Saturday, October 4, 2008

How to Not Fall in Love

How to Not Fall in Love

Don’t look at him.  Don’t notice the color of his eyes or the way his smile goes all crooked to the right or the really light almost invisible freckles spattered across his nose.  Don’t do this unless you absolutely positively have no other choice.  Make sure to remember this when you’re first introduced.  Looking in between the brows generally does the trick.

Don’t be friends.  Don’t find the things you have in common or count them towards your chances because everyone has things in common and everyone stands a chance if you let them.  It’s not unique.  Be sure to keep this in mind when he asks you what kind of music you like to listen to.  Just because you both like Coldplay doesn’t mean he wants to hold your hand.

Don’t give him your phone number and definitely don’t ask for his.  Don’t let the butterflies come to life in the pit of your stomach the first time his name shows up on the small screen and don’t let your voice crack when you try to nonchalantly answer with the ever popular “Hey what’s up?”.  If it comes to this point make it clear that you are and will always be busy.  The extra minutes you spend with him on the other end are not worth the nickels and dimes you shake from your old piggy bank that you keep stuffed in the back of your closet.

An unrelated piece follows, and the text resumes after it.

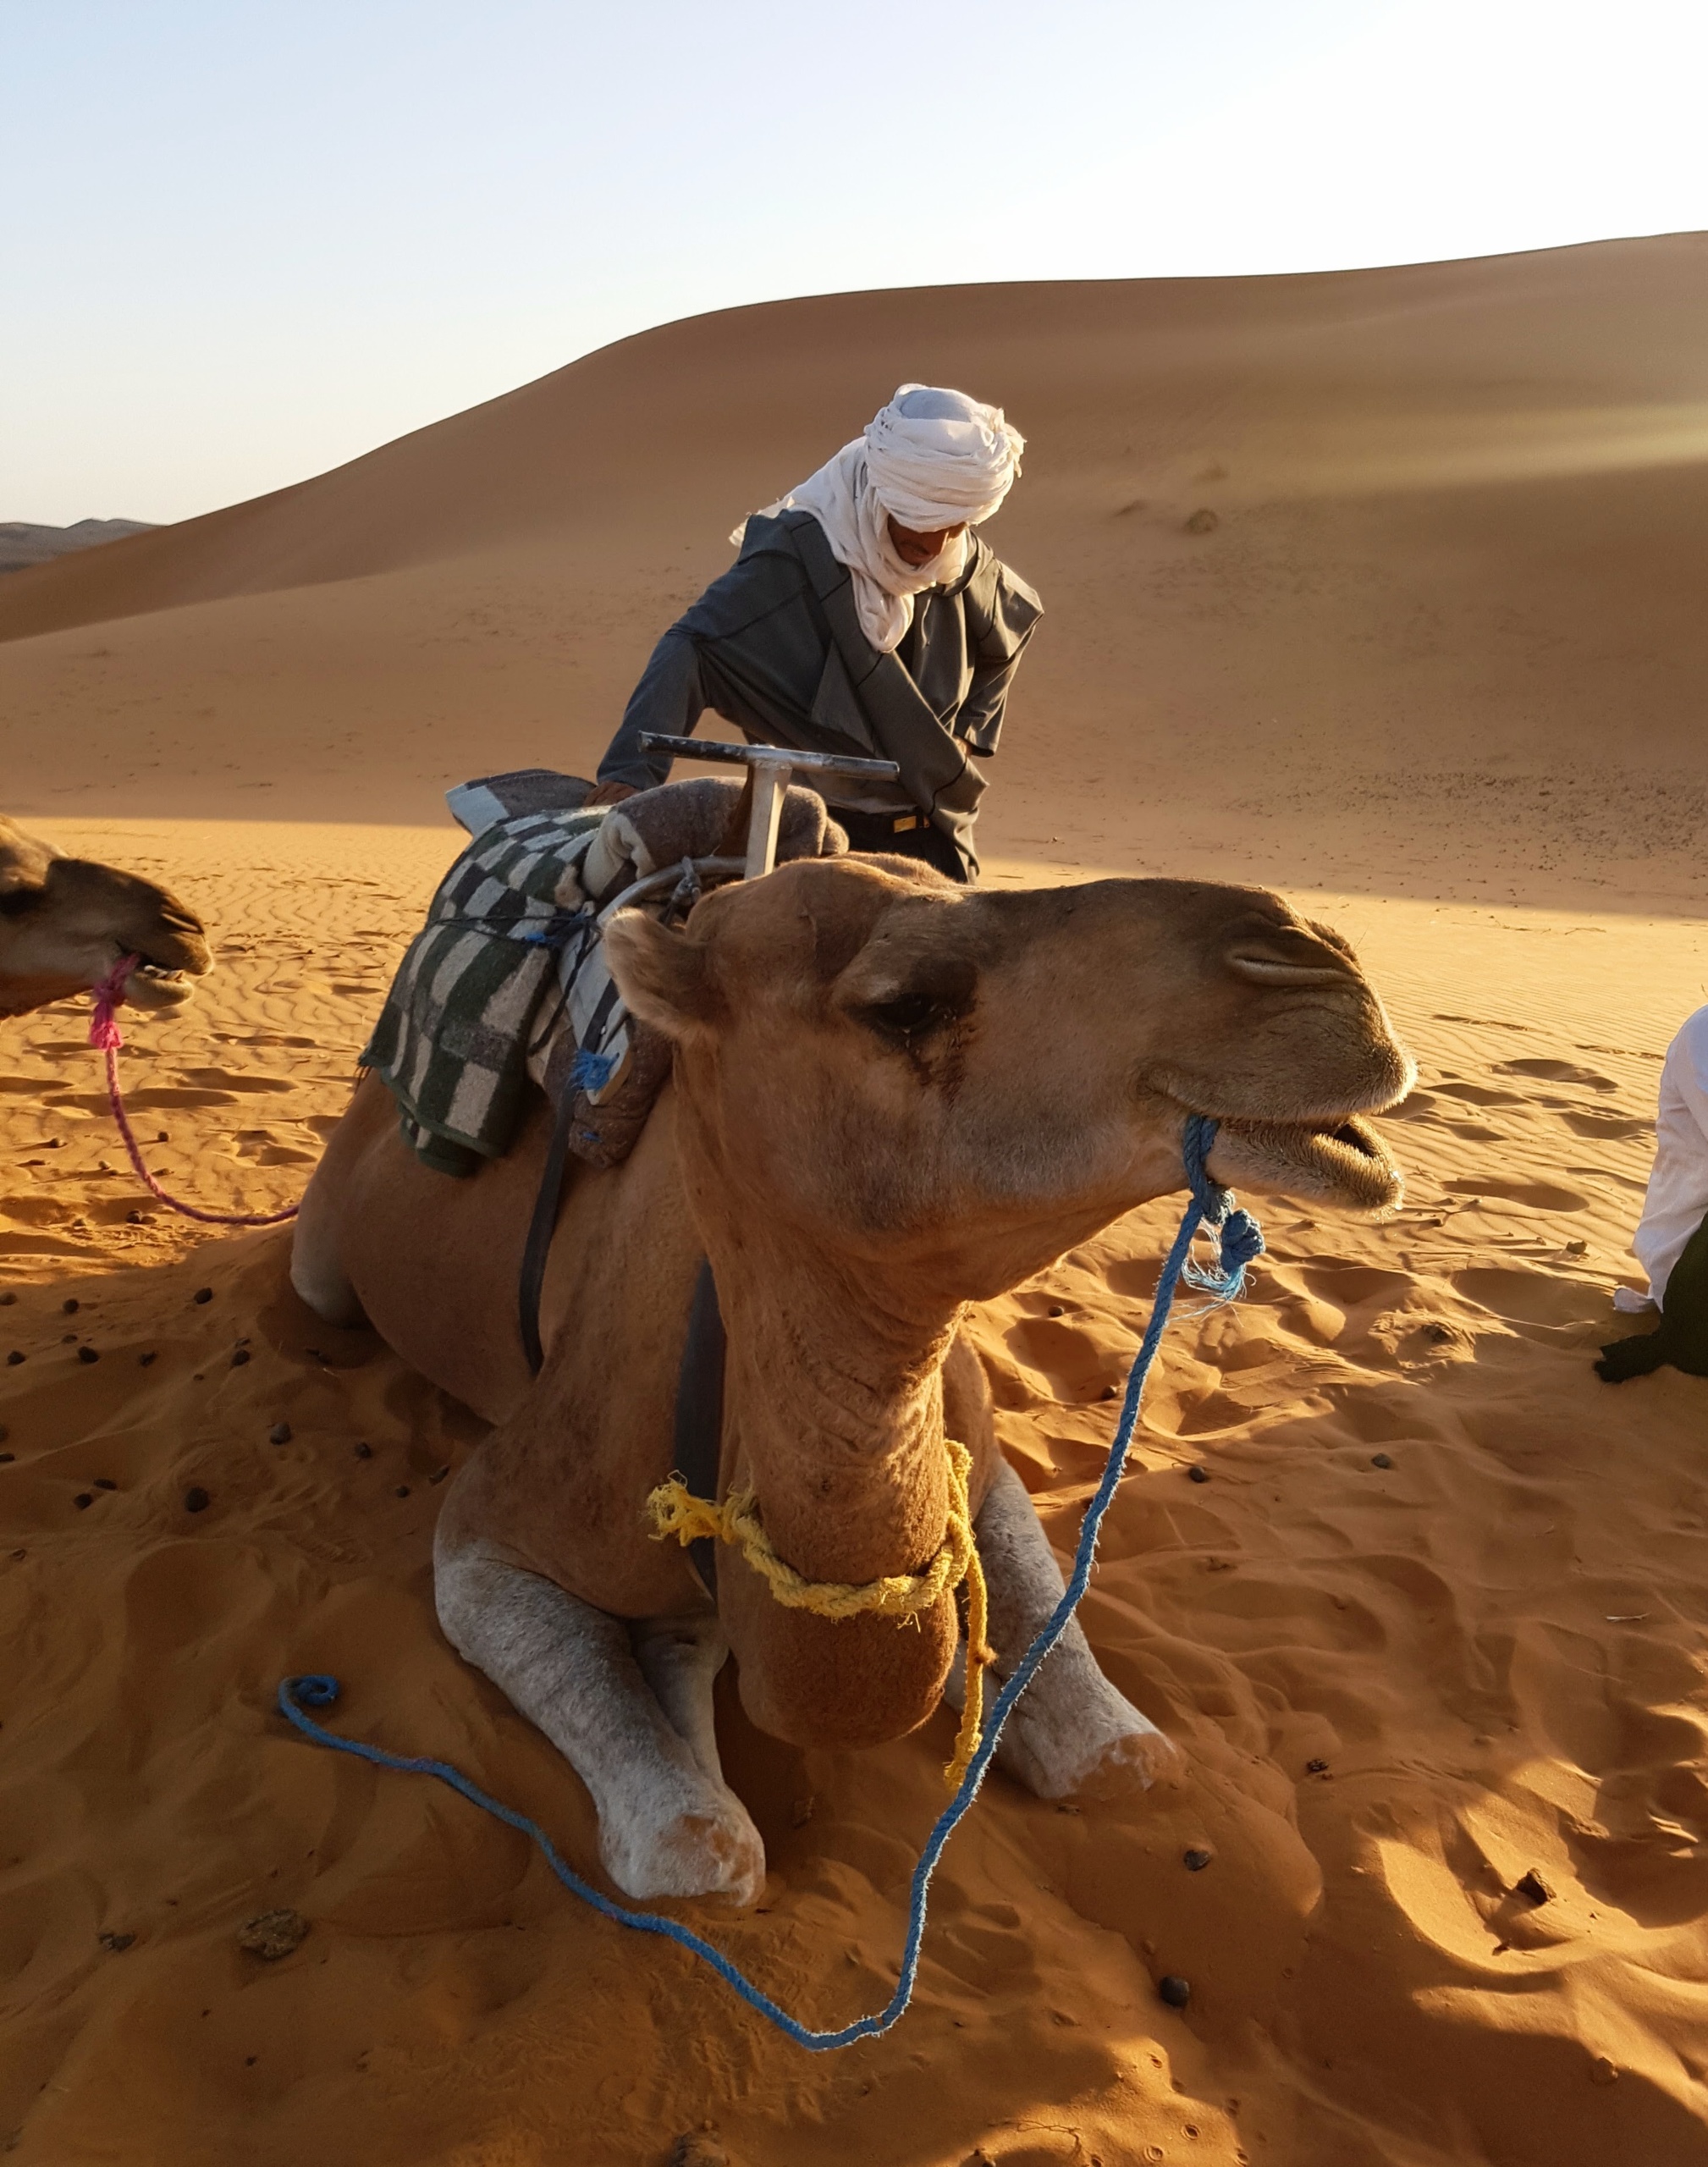 One of our camels in Erg Chebbi

Don’t spend Friday nights on his couch talking about the smallest details of your mundane life when you could be out with friends.  Don’t tell him about how you feel abandoned sometimes because the people who you grow closest to seem to leave for different places and different people and don’t listen to him when he says he won’t leave you.  He doesn’t mean it the way you want him to and you can’t get back the hours of sleep you lose from thinking about those four simple words.

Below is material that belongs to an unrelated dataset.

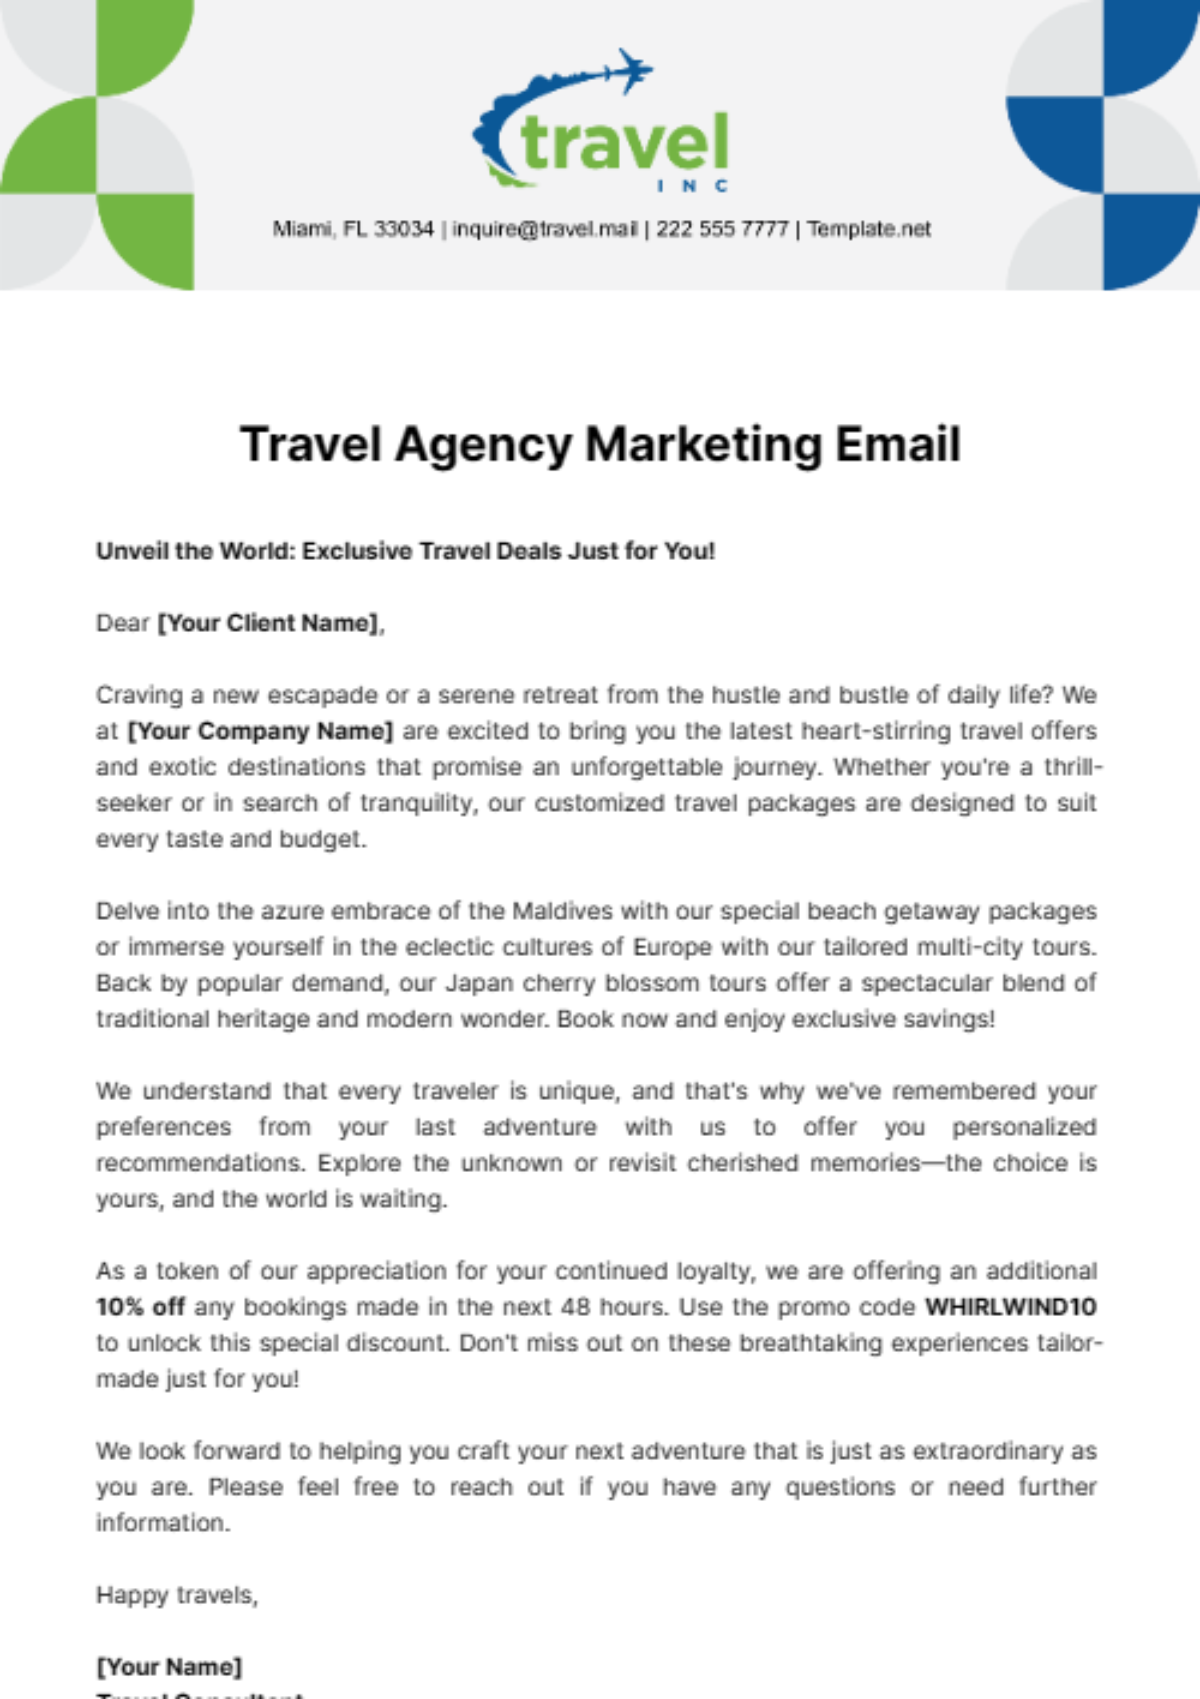 Free Travel Agency Marketing Email Template

Don’t make him a mixtape that spells out exactly how you feel and that has all the songs from all the memorable moments the two of you have ever shared.  Don’t think he’ll appreciate or understand it or call you at two in the morning to suddenly air out the mutual feelings that have been sitting heavily in the air between you for the past few months.  They don’t exist.  At least not for him.  The only person who’ll actually listen to the mix anyway is you.

Don’t analyze every little movement at the movie theater.  His knee touching yours is not a secret code that means “I want to be with you,” and the way your knuckles graze each other when you both reach for the popcorn is only a testament to the fact that you should have bought your own bag.

Don’t cry into your pillow the night he starts seeing the girl from the math class you are both in.  Don’t imagine what it would be like to be in her shoes.  Don’t think about how their first kiss (on the front steps of the school) should have been yours while you wait impatiently to walk home with him.  Don’t let the chaos ripping through your body start to tear at your chest and don’t let the tears creep up into your eyes when he finally turns and smiles at you with the friendly grin and not the one that she always gets now.  The shuddering breaths that leak from your chest will only make it worse.

Don’t let him in on what’s got you down.  Don’t pour your heart out and let all the desperation and frustration and humiliation trickle into your voice when you tell him that this wasn’t how things were supposed to be.  Don’t let him know that your heart was his from the start because he won’t know what to do with it and he certainly can’t keep it.  Don’t tell him the feelings and thoughts that have been echoing and bouncing around the walls in your head for days weeks months years.  Don’t say it and you won’t feel it.